- **GOAL OF THE EXERCISE**: Write out the data word for word, taking care that no picture is carried over.

*** INFORMATION SUPPLIED ***

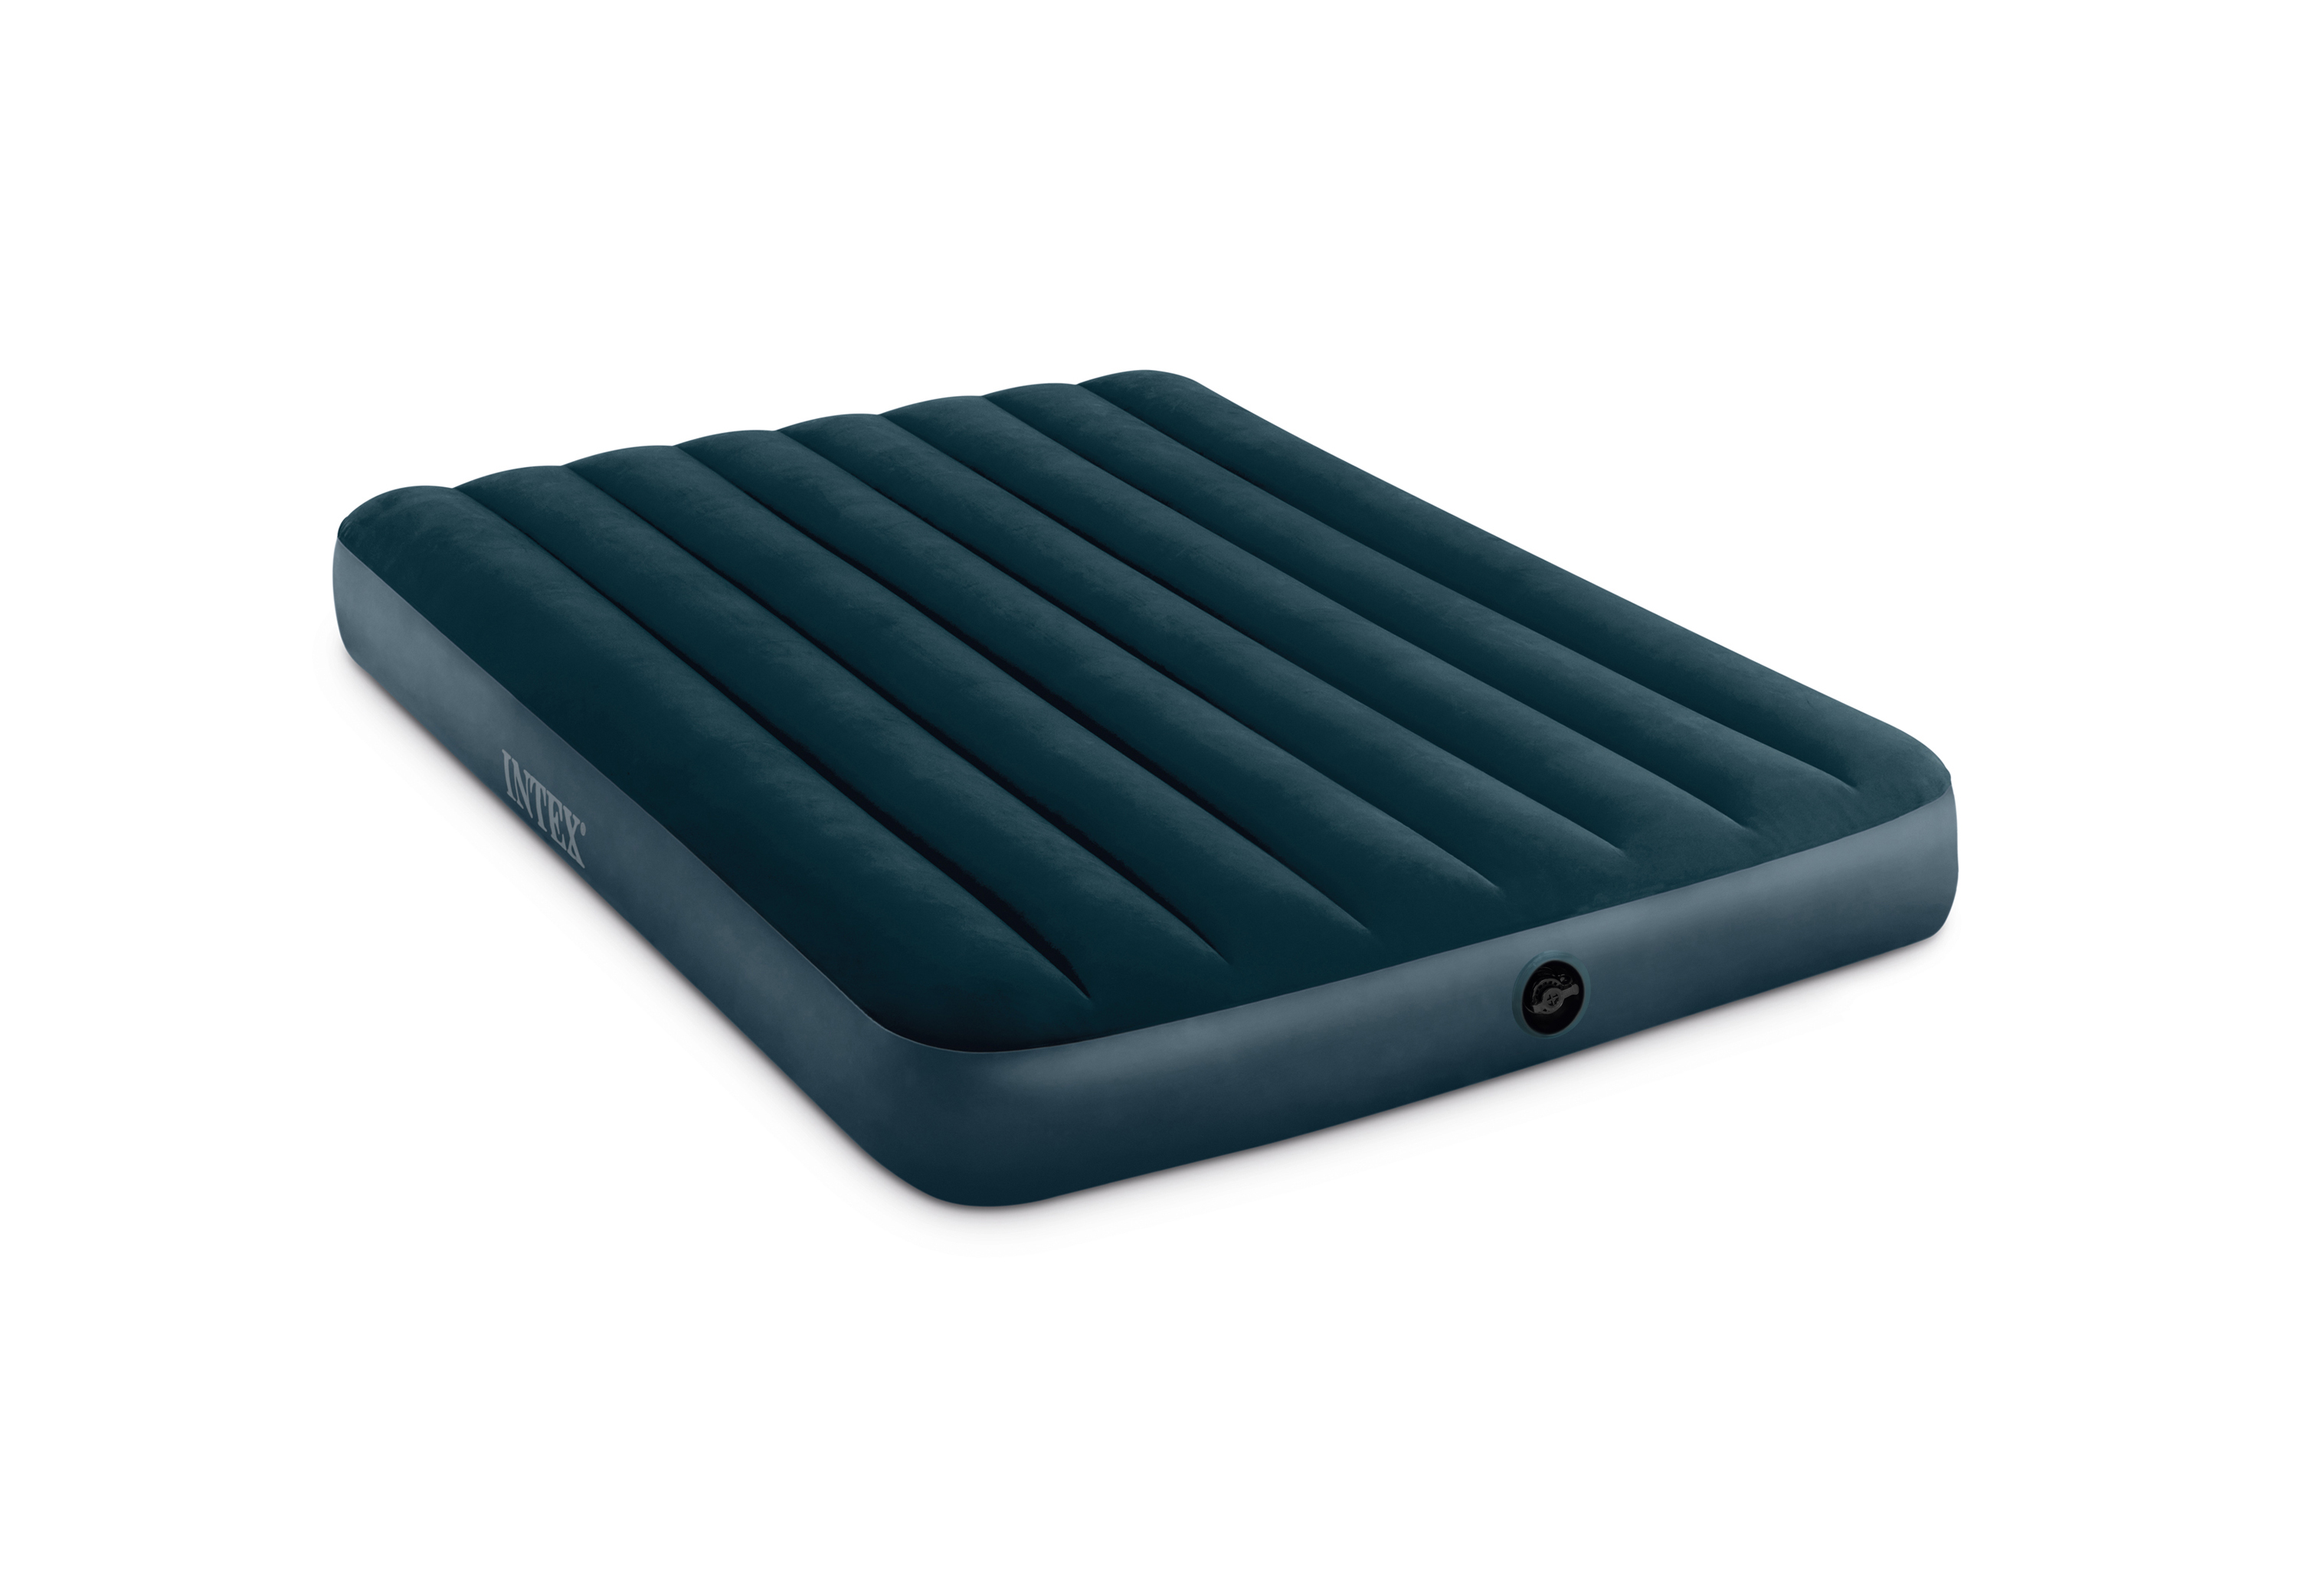 Intex 10" Standard Dura-Beam Airbed Mattress - Pump Not Included - FULL - image 1 of 10
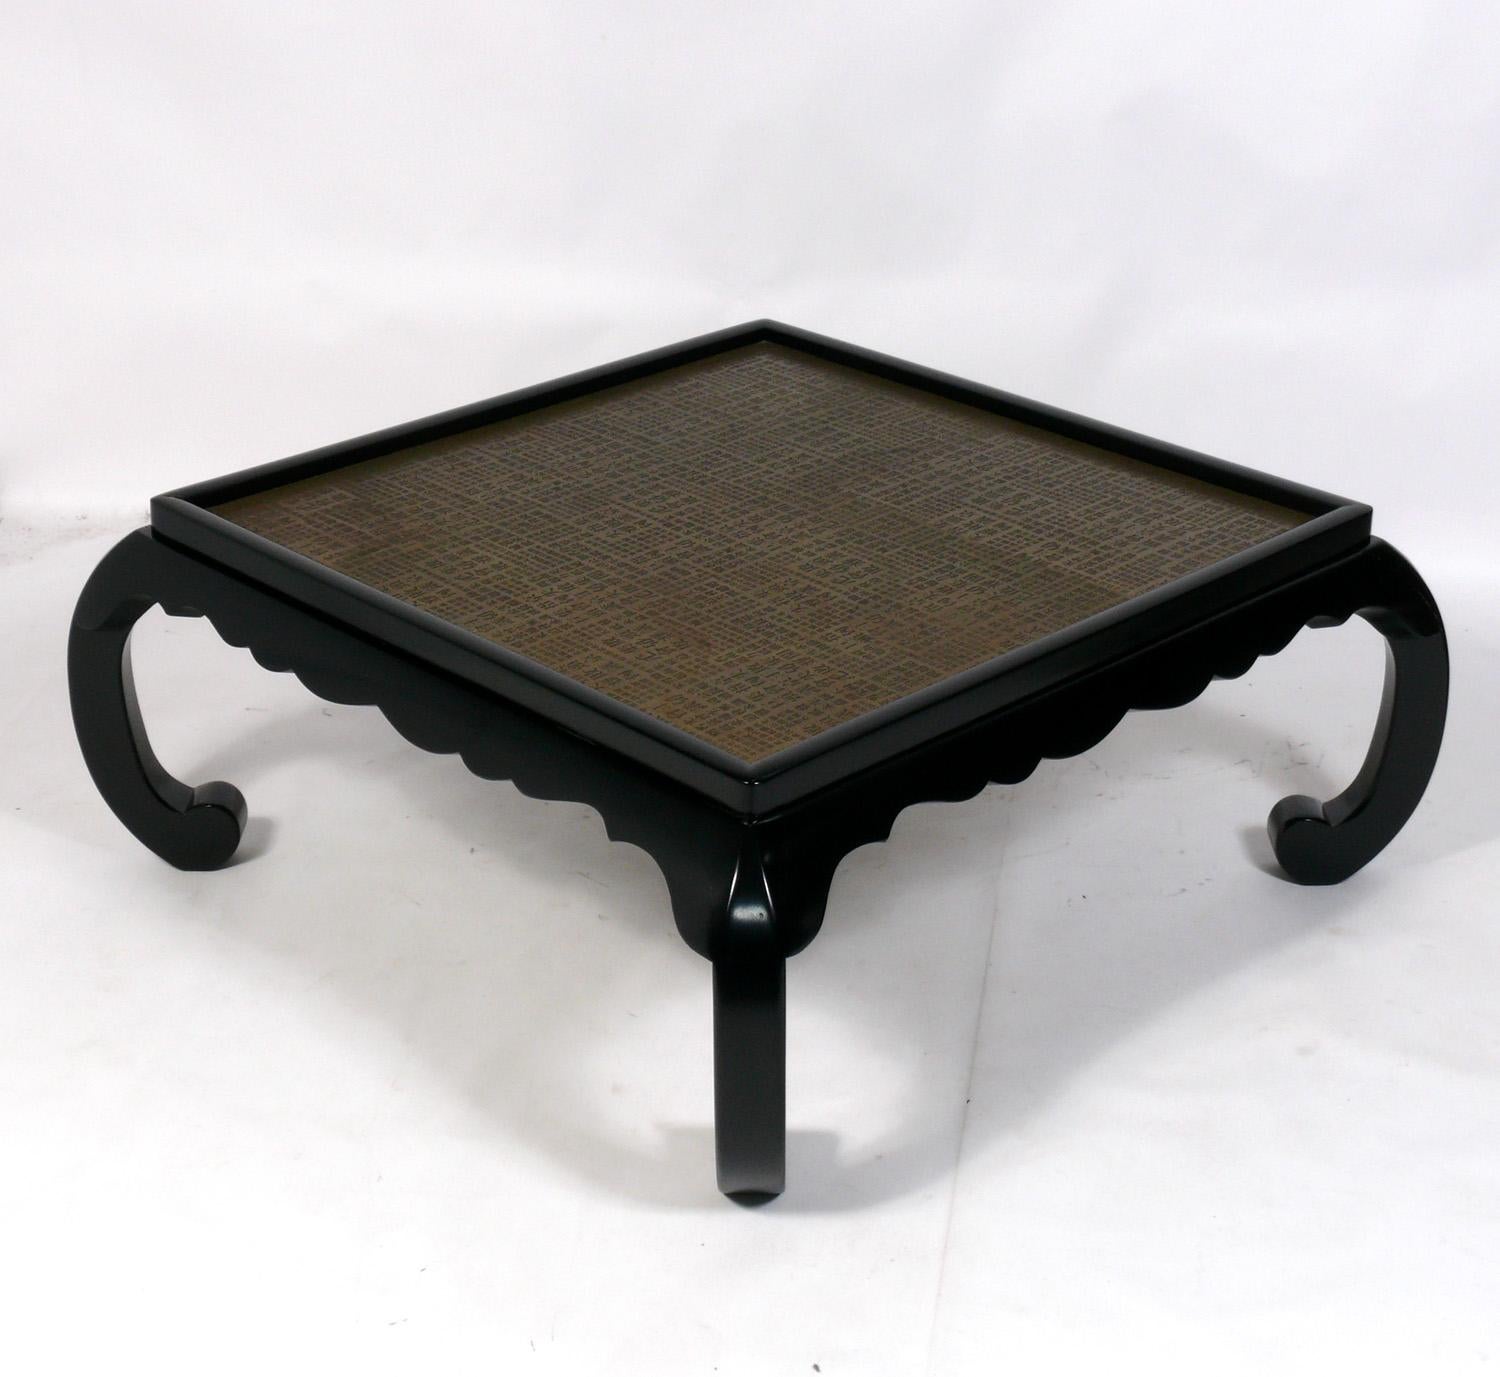 Elegant brass and black Lacquer coffee table, in the manner of Philip and Kelvin Laverne, American, circa 1960s. The black lacquer wood frame has been recently refinished and the brass top imprinted with Chinese characters retains it's warm original
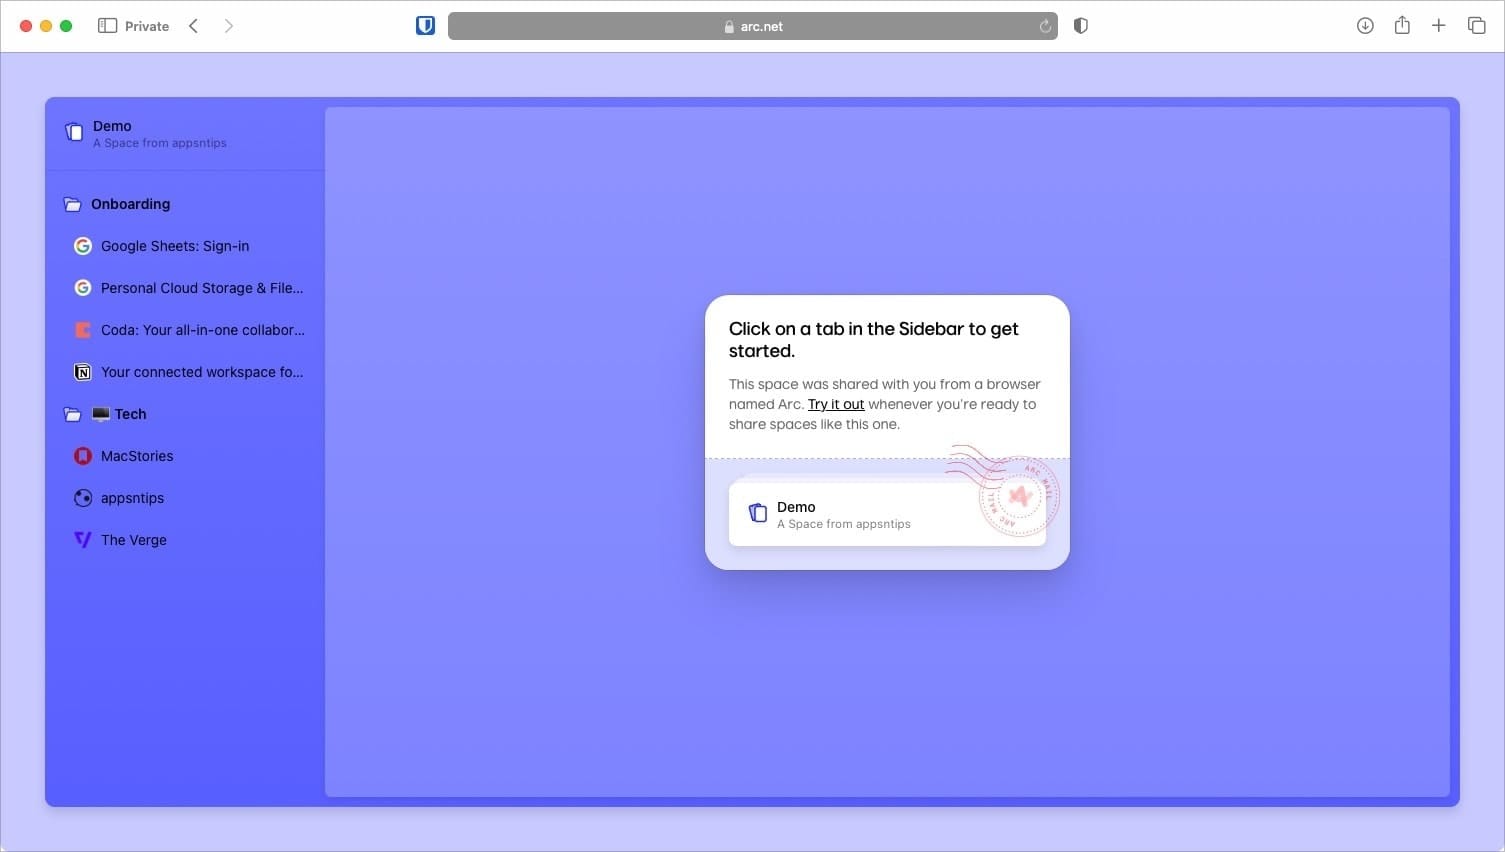 Arc browser shared space opened in Safari

*** End of INFORMATION SUPPLIED ***

- **WRITTEN RESPONSE**:
 Intex 10" Standard Dura-Beam Airbed Mattress - Pump Not Included - FULL - image 1 of 10
 Elegant brass and black Lacquer coffee table, in the manner of Philip and Kelvin Laverne, American, circa 1960s. The black lacquer wood frame has been recently refinished and the brass top imprinted with Chinese characters retains it's warm original
 Arc browser shared space opened in Safari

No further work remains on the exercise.